The current heuristic is very minimal. This bug that this linter tries to avoid requires two things:
- Using
makewith a non-zero-length to create an array. - Using
appendon that array.
If you do these two things together, the linter raises a red flag. There are safe ways to use these two things together, but it is easy to make a mistake. While the current heuristic is not comprehensive -- it doesn't look across function calls -- it handles the most obvious cases.
The proposal in this OR is to update this heuristic to add that "when we are using copy, we probably don't have this problem".
My thinking is that this linter does two things:
- It guides you to write your code in a way to avoid problems.
- It may identify actual bugs.
Personally, I think code constructed with this linter enabled generally is simpler and probably as performant as you need it in most cases. The broad heuristic is fine when you're writing your codebase with this linter enabled from the start, but becomes more problematic when you want to add this linter to an existing codebase that hasn't been written with this linter (the examples you found are such cases). I like the simplicity of the heuristic as it stands write now. It is clear how to structure your code (i.e. just write make(.., 0, ...)). There are no escape hatches, like use "copy" (although moving the append or make to a function does provide an escape hatch). I'm not completely sure that the best measure of a linter is how few false positives it makes. Those false positives do certainly come with cost to adoption on existing codebases. I'm trying to figure out how to reconcile these concerns.
One possibility that occurs to me is that we could at least identify the "mitigating circumstances" and include that detail in the linter error (i.e. something like "possibly mitigated by the presence of copy"). Another potentially mitigating factor, could be the presence of indexed writes to the array. If we reported these in the error, the user could set up exclusions in golangci-lint for these messages. In the absence of a more precise heuristic, I'm tempted to offer this as an interim solution.

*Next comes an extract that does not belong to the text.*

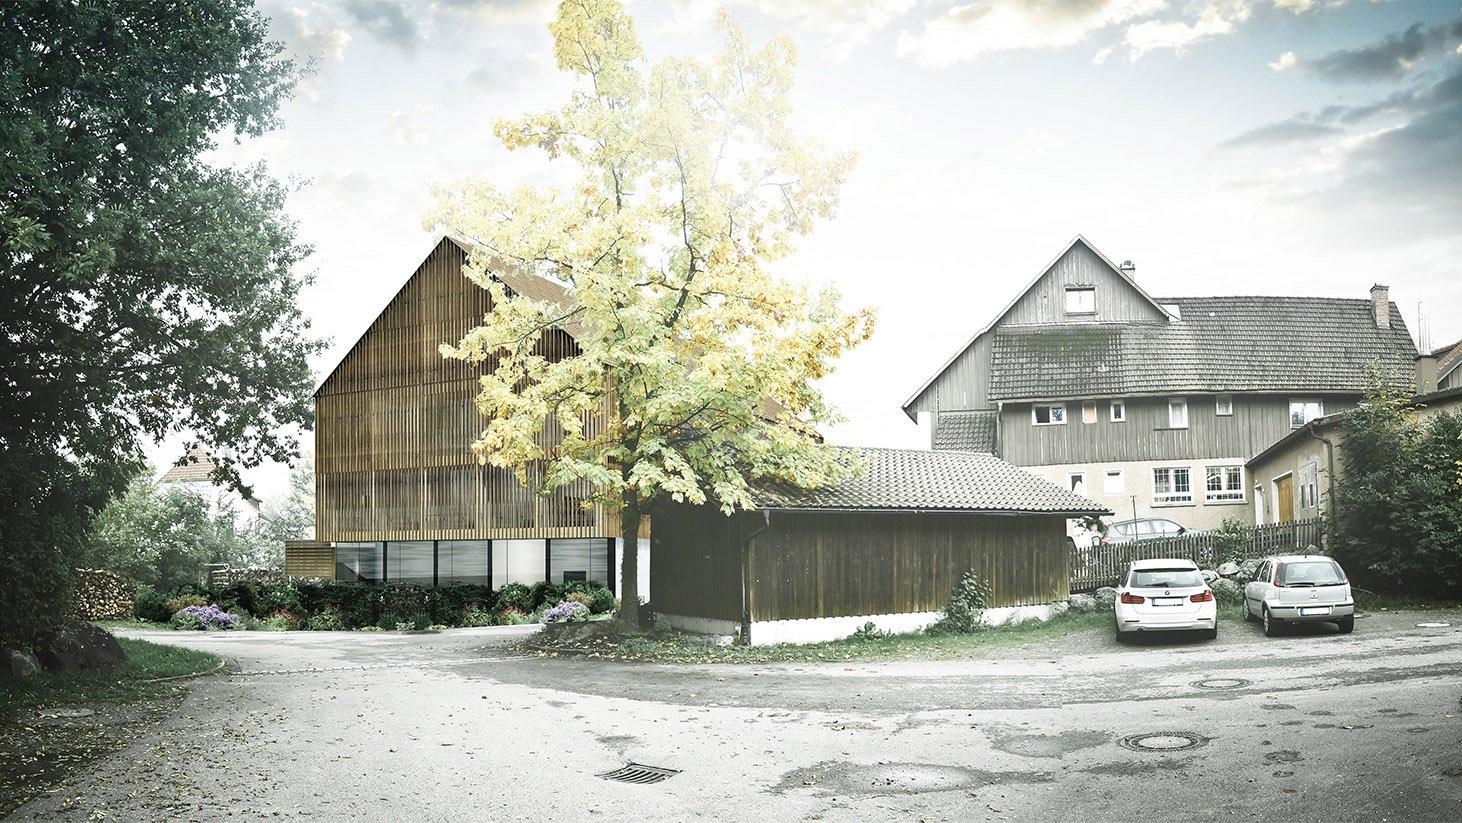 rendering markus tauber architectura}

@ashanbrown I have update the commit, 🤔 maybe we can add a LinterSetting struct for it
type LinterSetting struct {
Always bool
SkipFunCall bool
SkipIndexAssign bool
}
the user can choose between strict to no strict for they own's project.
Sorry again for the slow response and thank you for continuing to try to evolve this to something we're both comfortable with. I'm having a lot of trouble getting confortable with a complex heuristic; one thing I like about this linter is that failures can be described very simply.
I think it's worth noting that it was never my intention to create a separate linter for this. At https://github.com/go-critic/go-critic/issues/875, you can see me trying to make a case for moving it there. Perhaps the ideal location for this linter is staticcheck, and ideally it would be smart about saying that the user really is about to append to an uninitialized slice. It would do the real work of saying that it is possible that the contents of the array could possibly not have been replaced by a copy or initialized explicitly. This would also allow me to archive this linter (although I like to the "always initialize to zero" option, which was ultimately the reason I was looking at go-critic as a potential home for this). So my suggestion at this point would be to try to get something similar added to staticcheck.